> _PROVIDED MATERIAL_
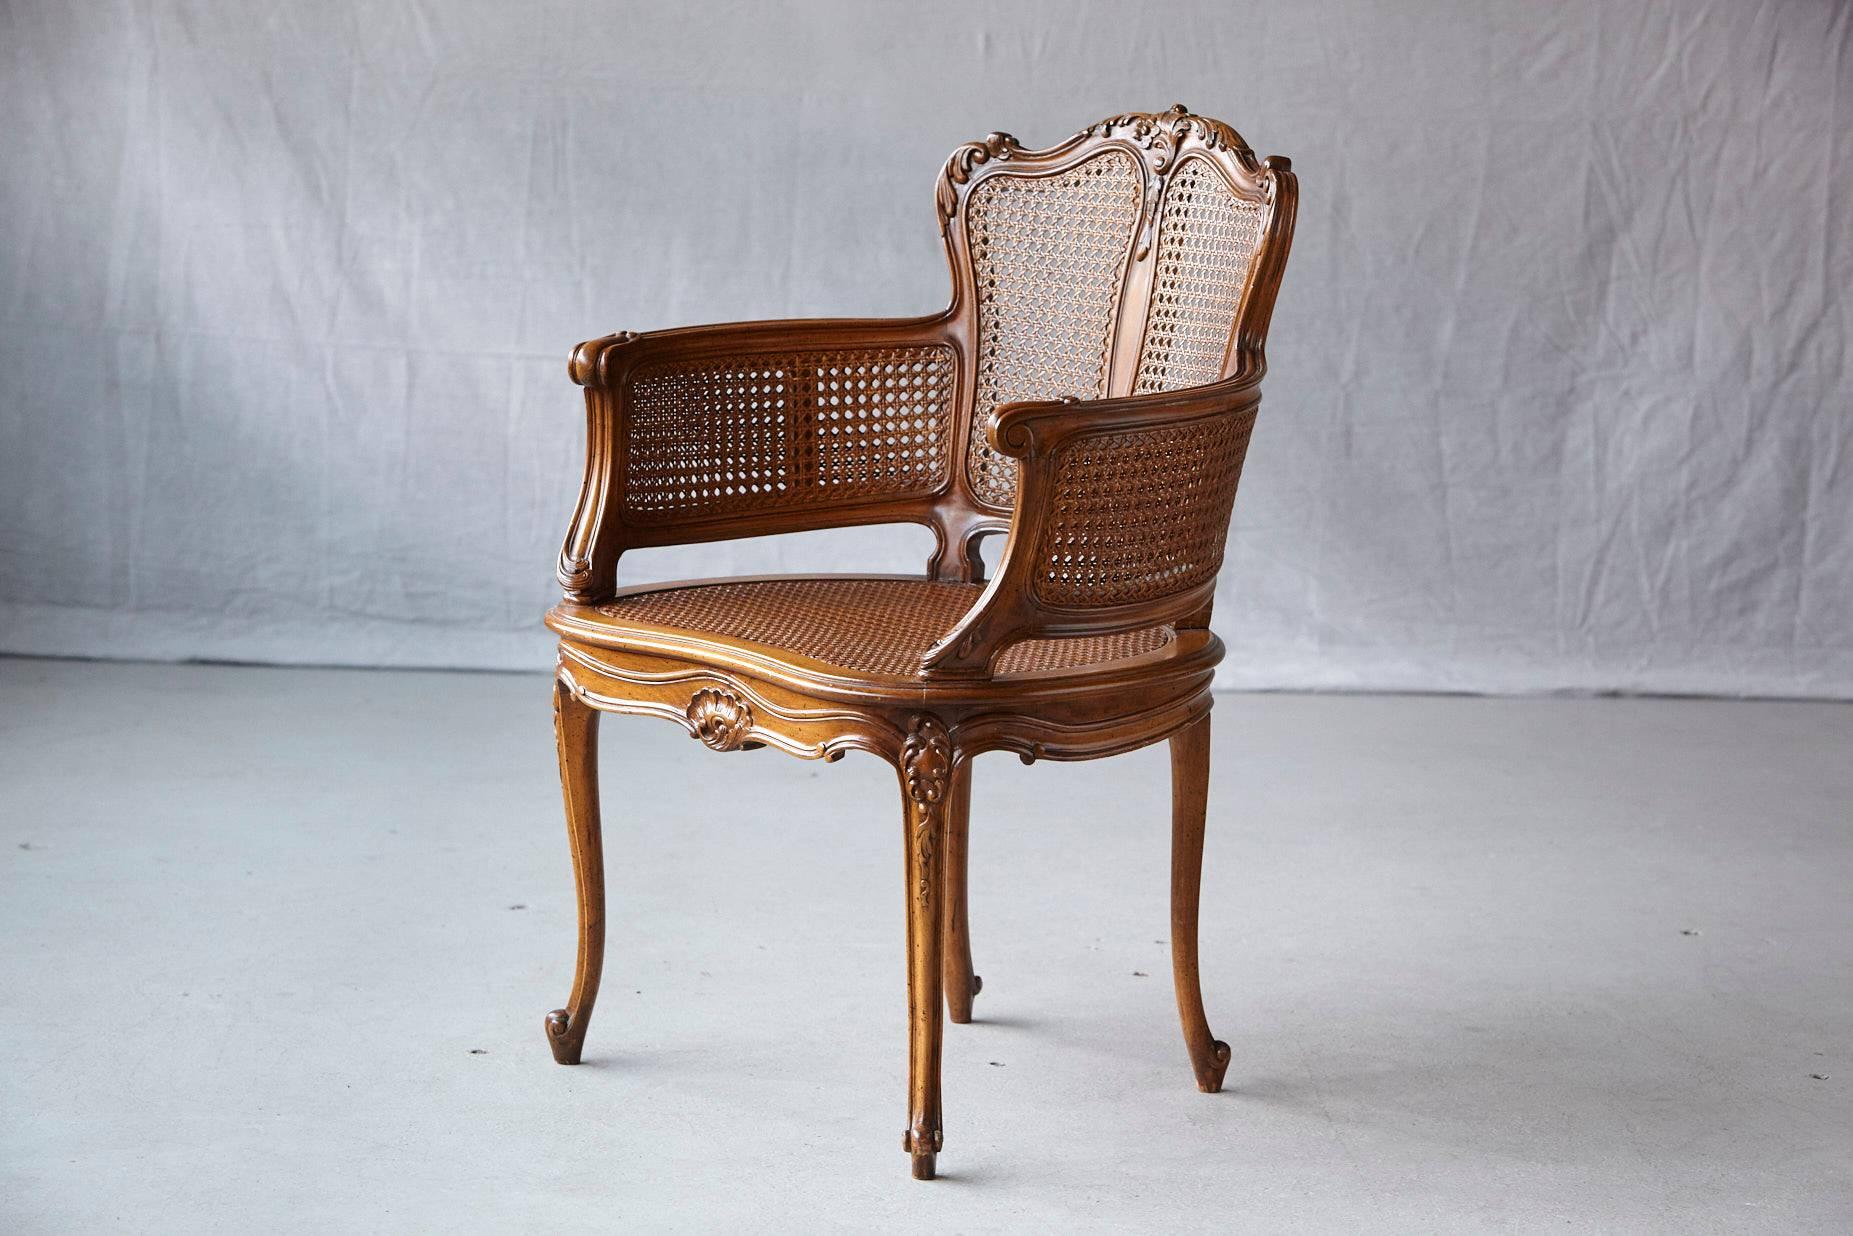 French Early 20th Century Rococo Style Caned Armchair with Elaborated Carvings
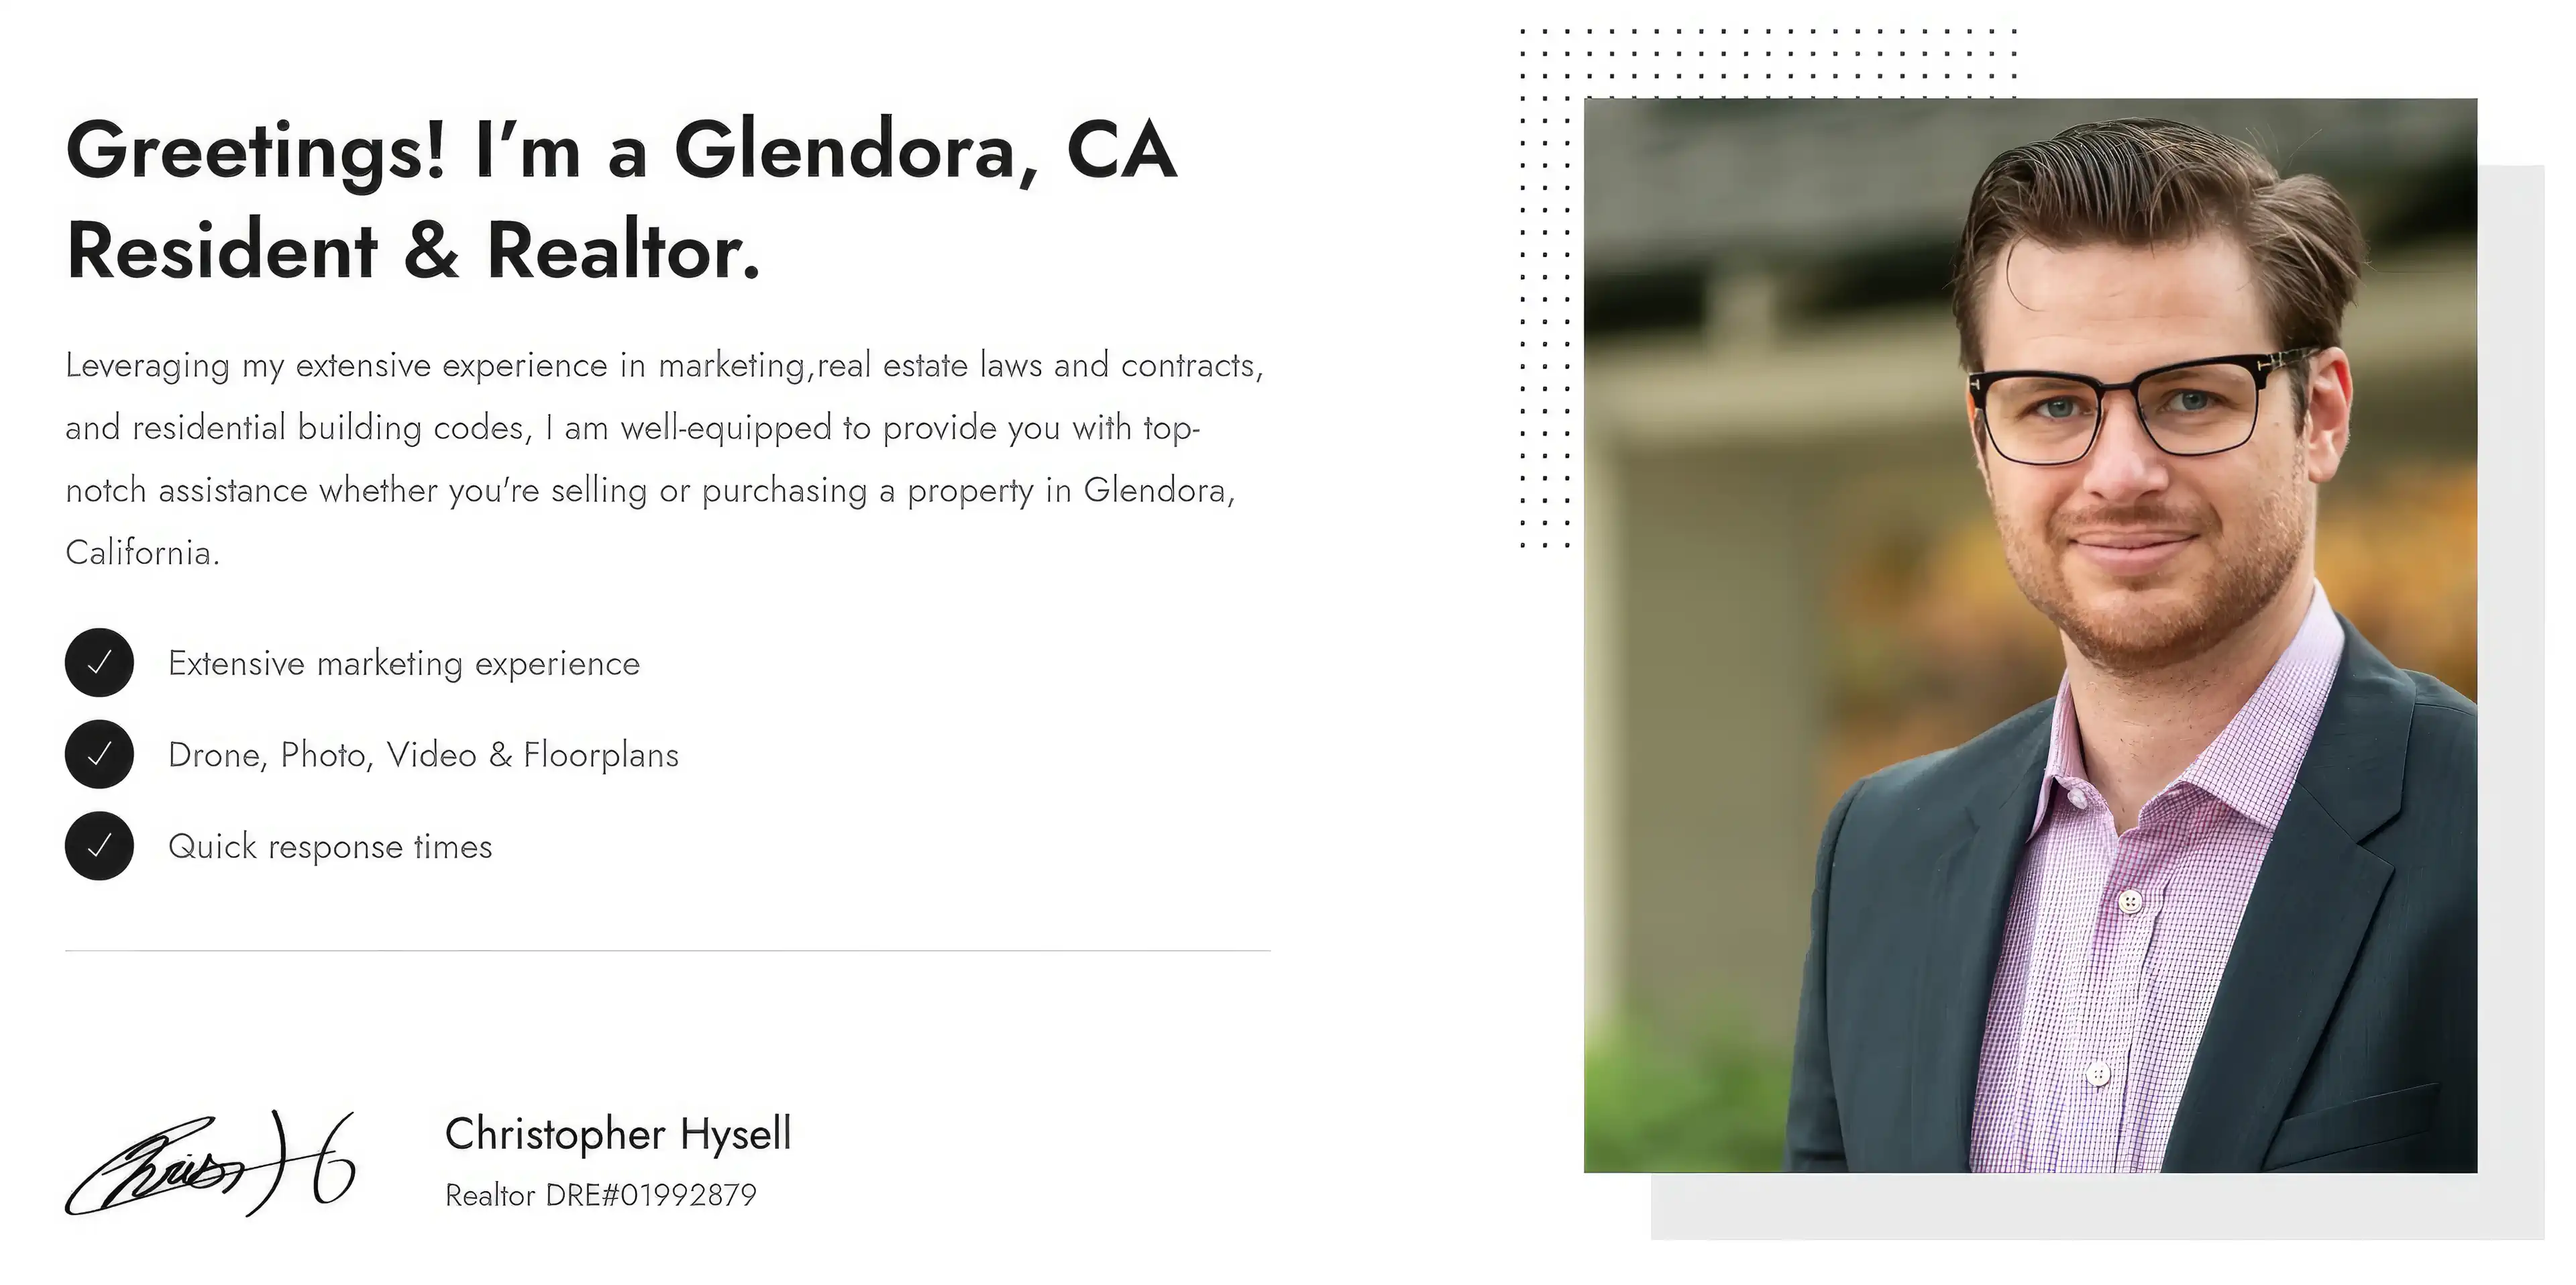 Christopher Hysell, professional Glendora realtor, smiling and posing for a portrait
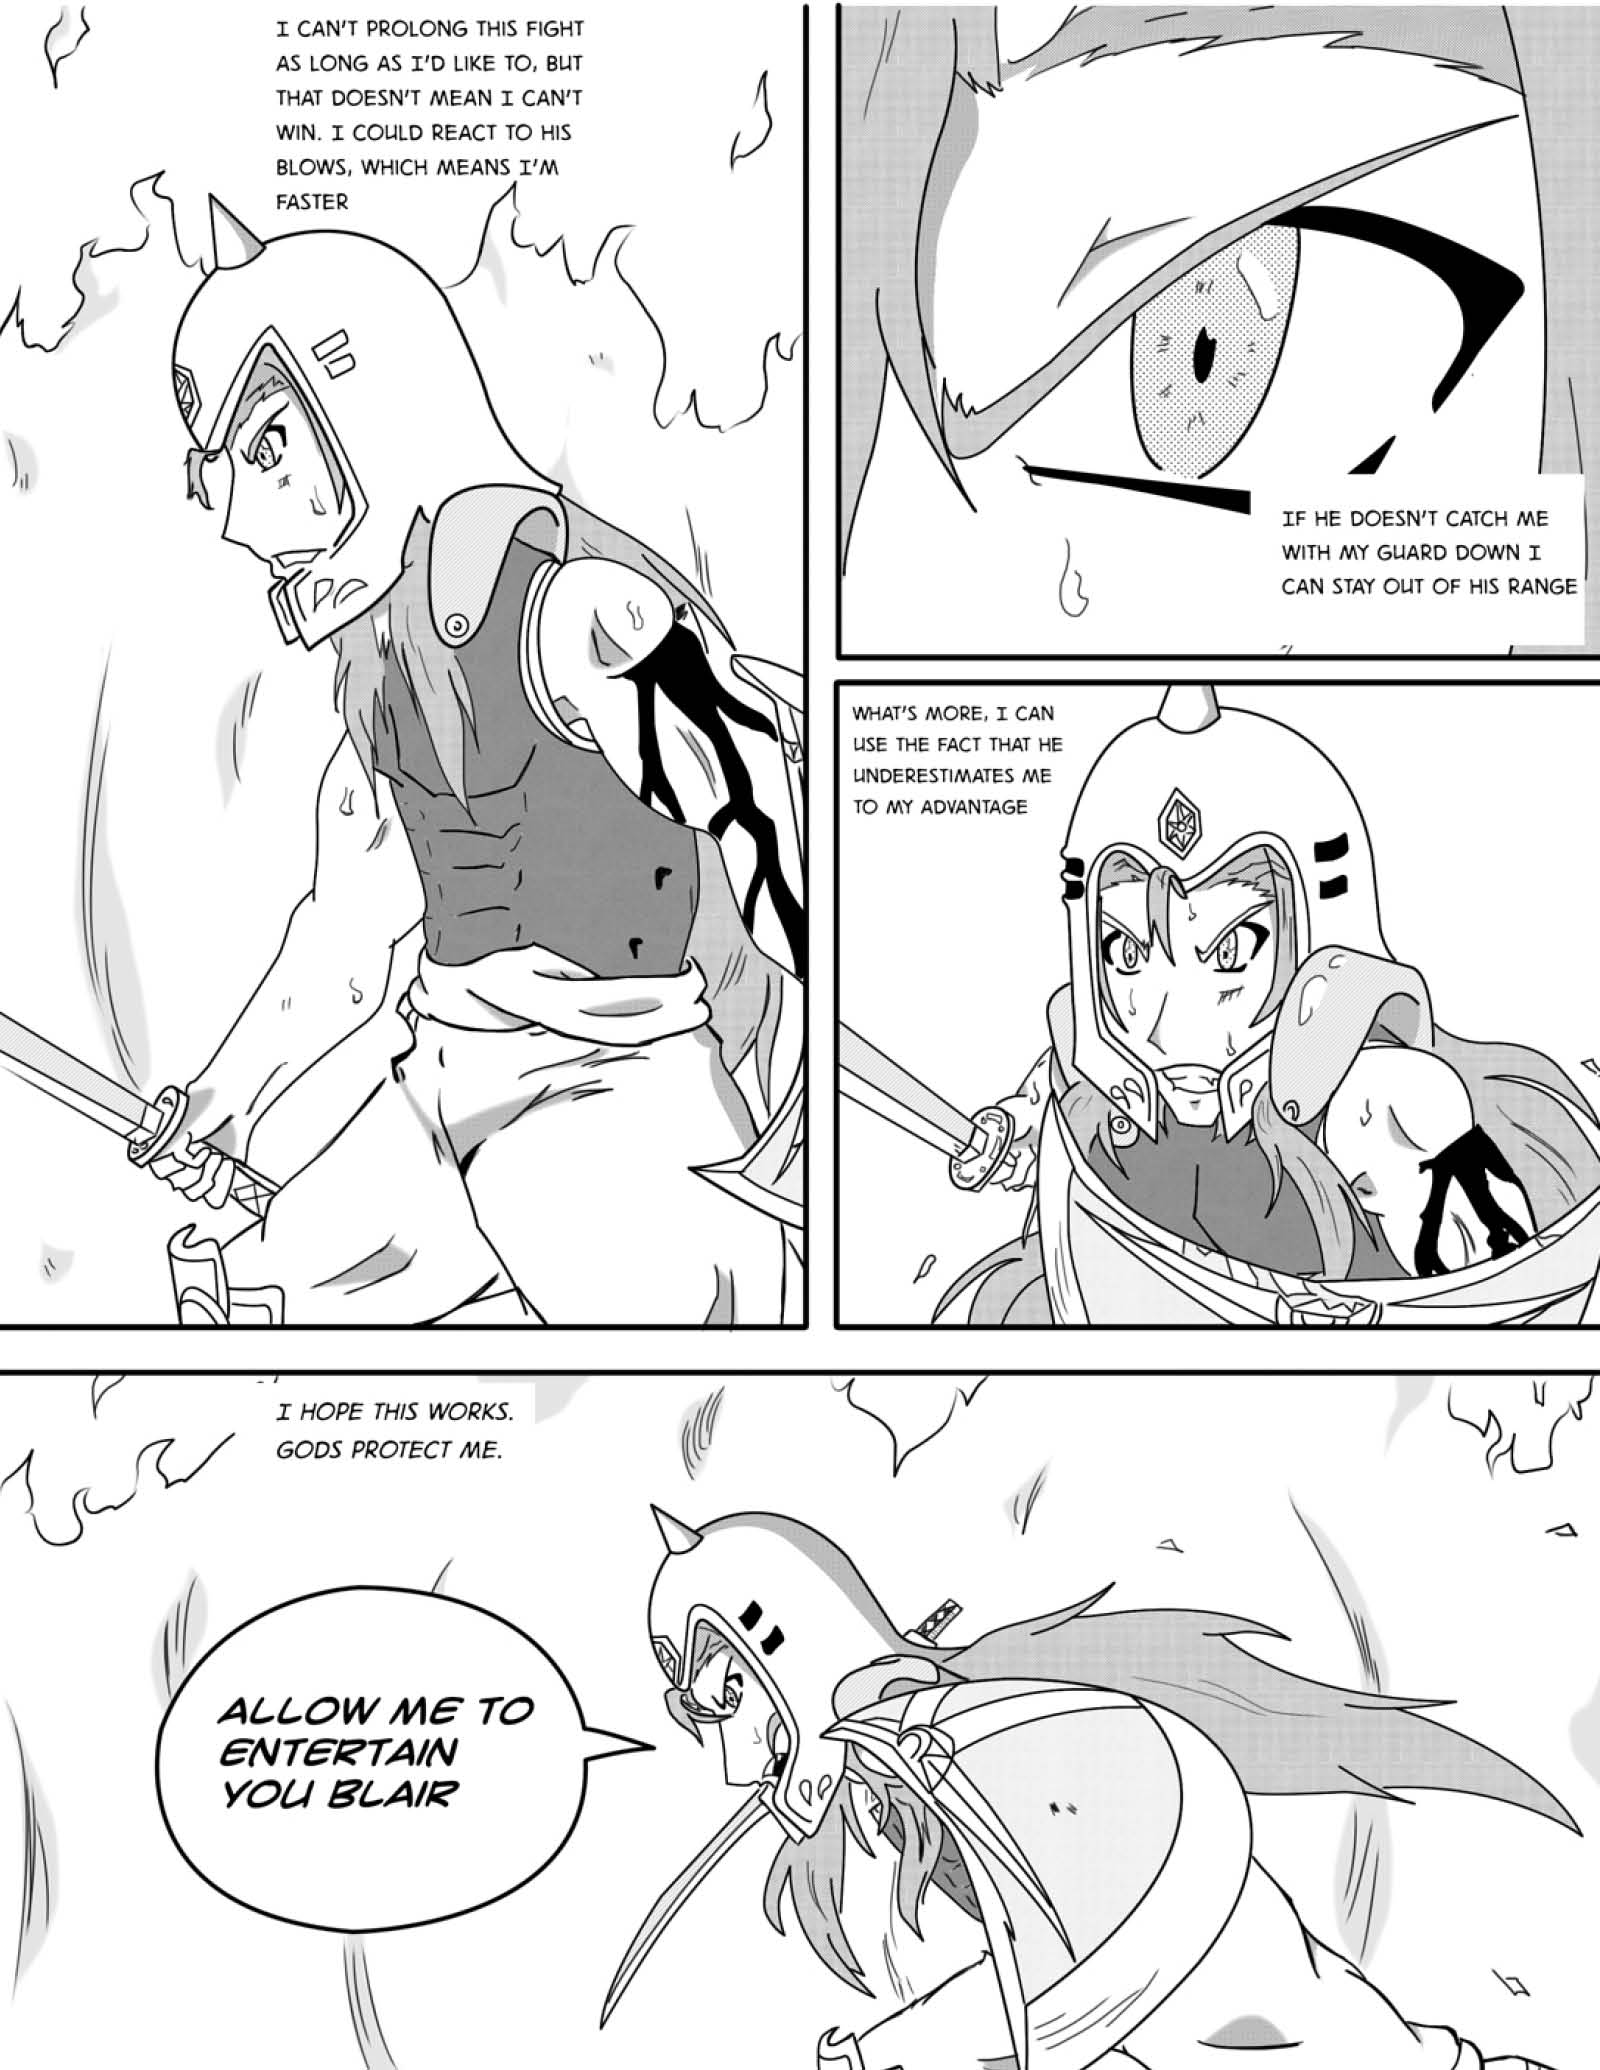 Series Dilan: the Chronicles of Covak - Chapter 2 - Page 18 - Language ENG

> _WHAT TO WORK ON_
Reproduce the data above without a single change, please, but without its pictures.

> _ANSWER BOX_
 French Early 20th Century Rococo Style Caned Armchair with Elaborated Carvings
 Christopher Hysell, professional Glendora realtor, smiling and posing for a portrait
 Series Dilan: the Chronicles of Covak - Chapter 2 - Page 18 - Language ENG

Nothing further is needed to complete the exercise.